A Saudi investor at the Tadawul (the Saudi Stock Exchange) in Riyadh, on 15 June 2015. Photo: Getty Images.
Summary
- The collapse in oil prices since 2014 has presented serious economic challenges for the countries of the Gulf Cooperation Council (GCC), underscoring the need to diversify their economies away from oil and develop their private sectors. In response, the GCC states have devised wide-ranging economic reform plans, central to which are, in many cases, options to privatize state-owned enterprises (SOEs).
- Media attention has focused particularly on the proposed sale of parts of Saudi Aramco, but across the GCC states the interest in privatization extends beyond energy to other areas of industry and services.
- Privatization, for the GCC states, is expected to create more effective incentives; force greater accountability on senior management; reduce government interference in business operations; and give management clear commercial targets unfettered by requirements of social policy. It is also intended to reduce the financial constraints on enterprises that have hitherto been dependent on government revenue.
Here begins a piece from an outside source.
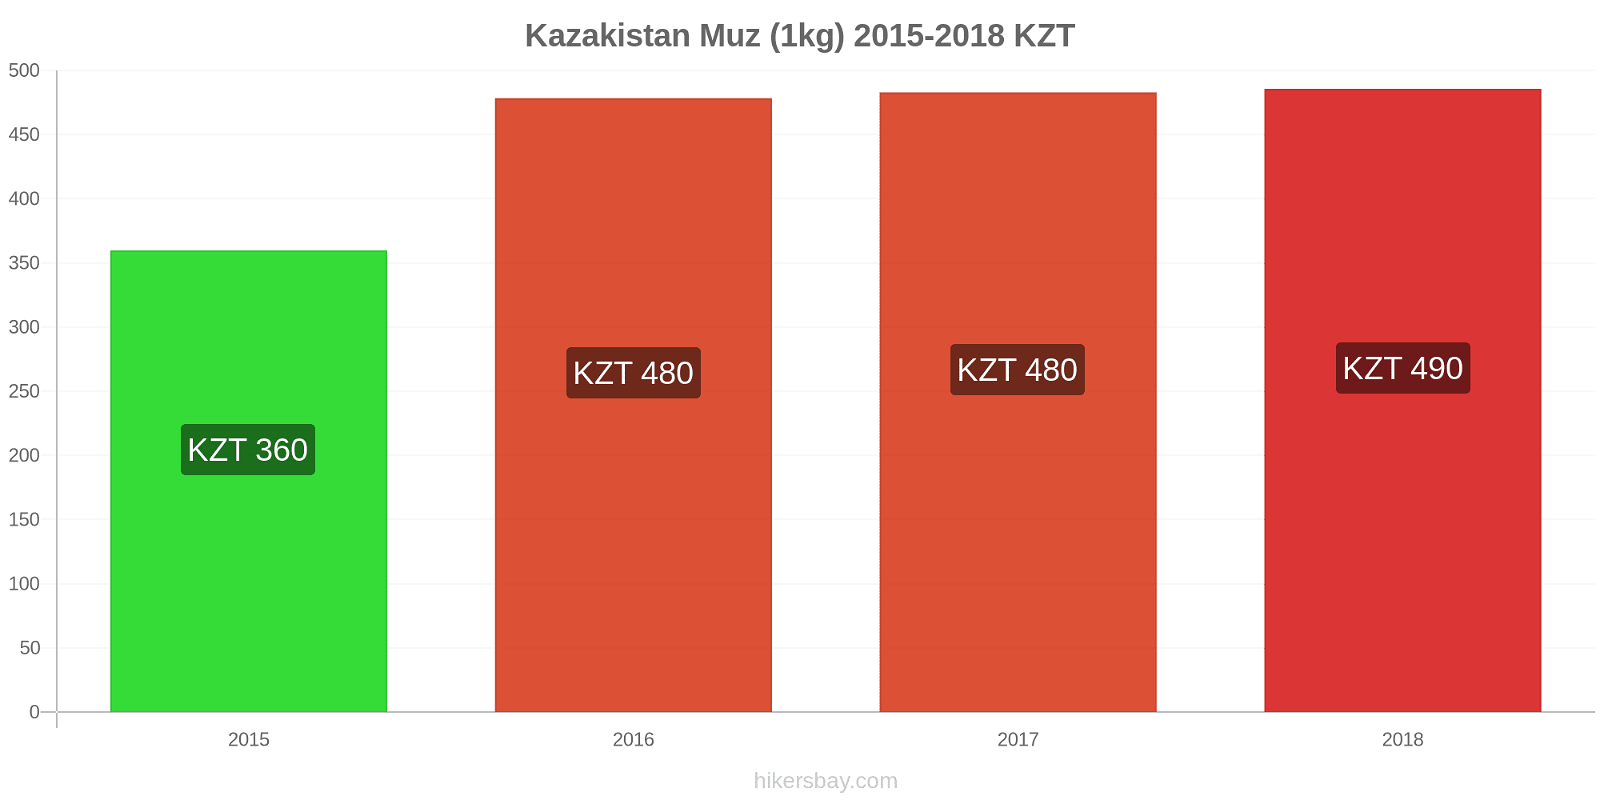 Kazakistan fiyat değişiklikleri Muzlar (1kg) hikersbay.com

- However, much of the current discussion disregards the lessons learned from privatization experiences elsewhere in the 1980s and 1990s. The very large literature developed at this time raises serious questions about the ability of divestment programmes to deliver the objectives now expected of the same process in the GCC.
- Analysis of the ideological arguments for privatization – derived from the economic theory of politics, theories of public choice and principal-agent analysis – can be used to explain why there is a strong possibility that governments in the GCC states will fail to privatize effectively.
- Previous experience shows that simply changing the property rights of an enterprise – i.e. switching it from public to private ownership – is not in itself sufficient to improve performance. This requires other conditions, including increased competition; improved signals that force management to be responsive, flexible and inventive; reduced government interference to allow management to maximize shareholder value; and effective and efficient capital markets to impose the necessary discipline on managers.
- The socio-political conditions that characterize the GCC countries – based on family and other elite patronage networks, and where property rights are dubious, the rule of law may be debatable, and the prospects for independent regulation of privatized enterprises are uncertain – are not conducive to enabling the necessary conditions for privatization to succeed.
- Economic liberalization through privatization is unlikely to succeed in the GCC states without simultaneous political liberalization and reform. If privatization simply delivers a set of windfalls for the state while reinforcing traditional patronage networks, this is likely to aggravate the same perceptions of corruption and helplessness that triggered the Arab uprisings from the start of 2011.
- Theory and contextual analysis alike therefore suggest that privatization will not be the panacea that many believe it to be for the GCC states. A process that allows the entry of the private sector and thus forces a (hitherto monopoly) SOE to compete and perform appears to be a more realistic way forward than does wholesale privatization.